Chevy Volt as Series Hybrid

This arrangement is called a “series” hybrid. It’s fundamentally different from a “parallel” hybrid, like the Prius, in which the car’s electronic control unit constantly switches between the engine and a much smaller battery pack (about 1 kWh). While the Volt is an electric car with an engine for backup, a Prius is mostly powered by its engine. The Prius battery stores regenerated braking energy, helps with acceleration, and provides a very small amount of low-speed electric functioning.

Assuming that the Volt goes on sale in November 2010—lately GM has spent less and less time qualifying that goal with, “If the batteries are ready”—it would be the first series hybrid sold in volume anywhere in the world.

Why 40 miles of electric range for the Volt? Because more than two-thirds of Americans drive less than 40 miles a day. If those people plugged in their car to recharge it every night, they might never use any gasoline.
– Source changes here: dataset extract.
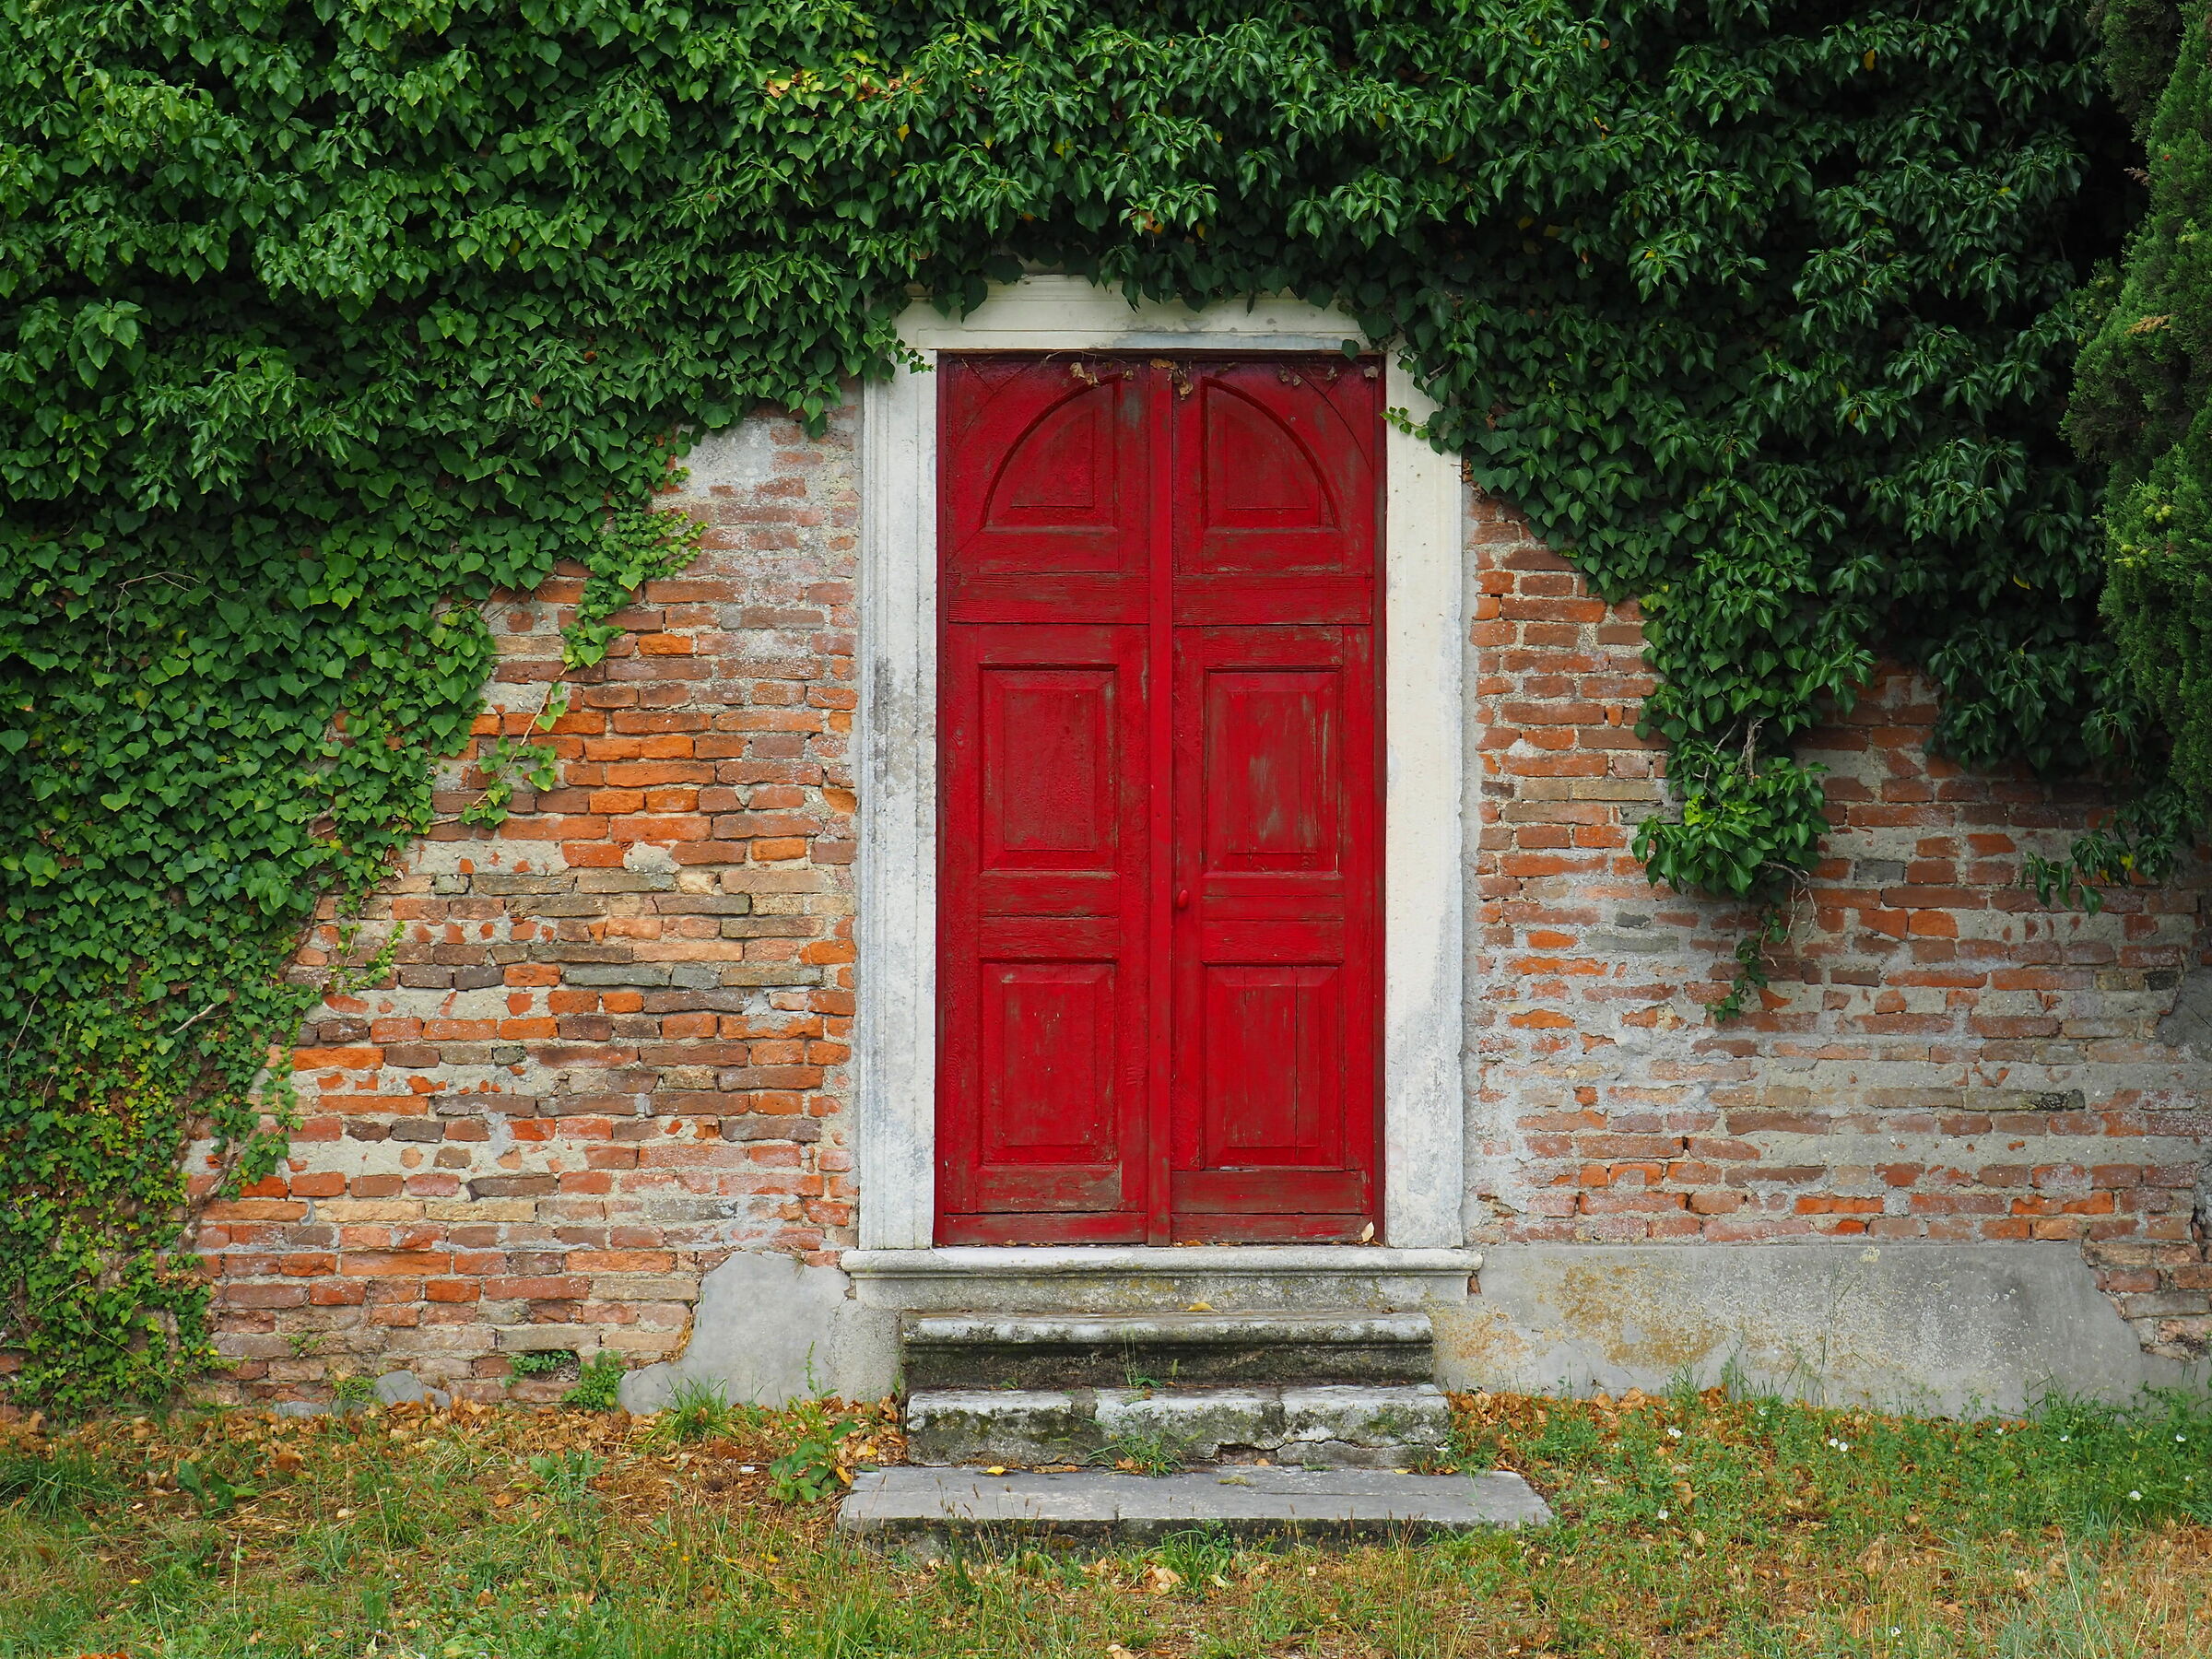 the red door...

And depending on local electric rates, that 40-mile recharge might cost less than a dollar.

The Volt comes with an onboard battery charger that handles any type of household current—both standard 110-Volt, and the 220-Volt variety used for heavy appliances like refrigerators and washing machines. A full recharge takes up to 8 hours on 110V power, and about 3 hours using 220V.
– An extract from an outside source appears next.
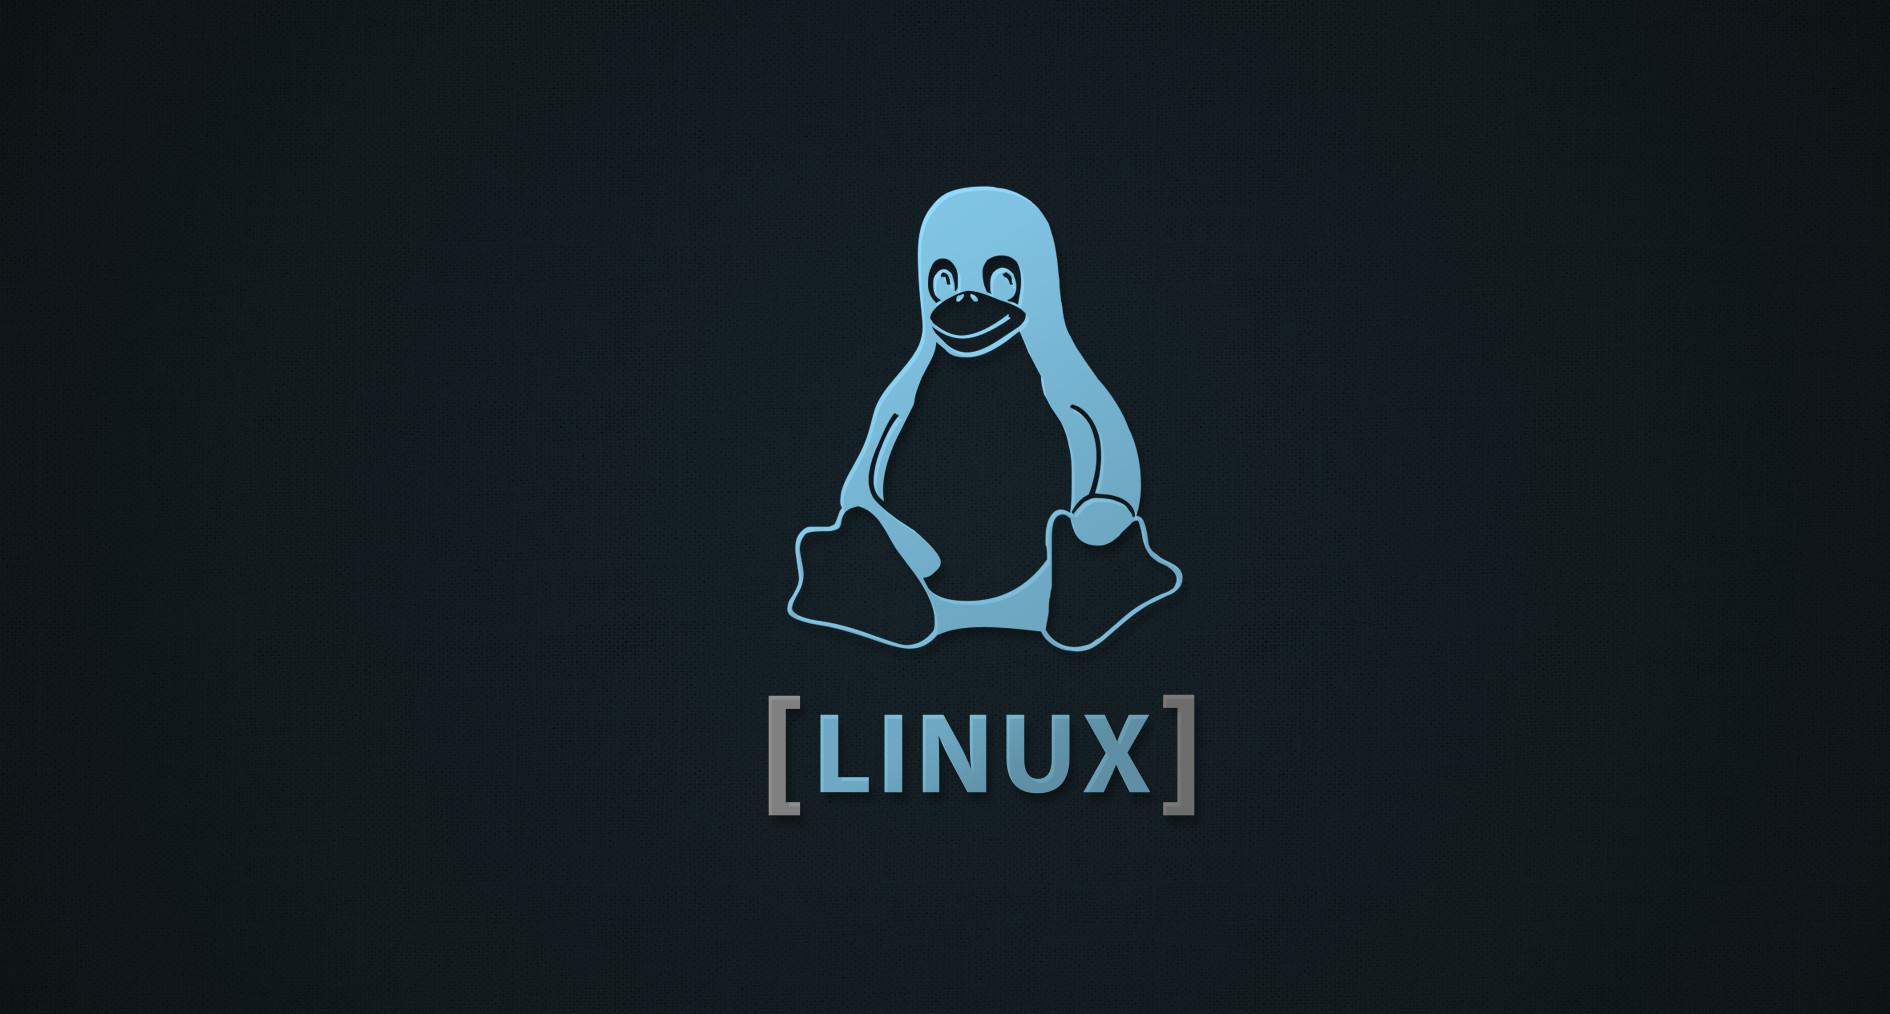 Amoled Linux

The Volt is built around a set of components GM calls "E-Flex.” It is based on driving the wheels electrically; the only thing that powers the car is an electric motor. But many different types of range-extenders can supplement the battery: an engine running on gasoline, diesel, or biofuels, perhaps even a hydrogen fuel cell.

While the Volt is the first car to use this architecture, it won’t be the only one. GM plans to use a similar battery pack and motor combo to power vehicles from its Opel brand in Germany, and future Saturn and Chevrolet models.

Volt Plaudits, Plus Cynicism

On introduction, the Volt concept was hailed for its technology, not to mention the racy lines of the concept—known inside GM as “the electric Camaro." But it garnered quite a lot of cynicism too. With the movie “Who Killed the Electric Car?” still resonating in early 2007, commentators said the Volt was nothing more than “greenwashing,” that it was only a PR exercise, and that GM had no real interest in improving fuel economy.

One critic at the time was Dr. Walter McManus, an auto industry economist at the University of Michigan. “Now they have come up with another future magical technology that isn't quite ready yet,” he said at the time. “They will tell you they are doing everything they can to improve the internal combustion engine. I don't buy it."

Over time, skepticism has faded somewhat. That’s due in part to efforts by GM’s PR group to be unusually transparent about the Volt’s development, timetable, and technical challenges. The company has brought dozens of journalists into its development labs, letting them interview vehicle executives, visit testing facilities, and see in-process styling mockups. GM executives have repeatedly called the car “our most important project."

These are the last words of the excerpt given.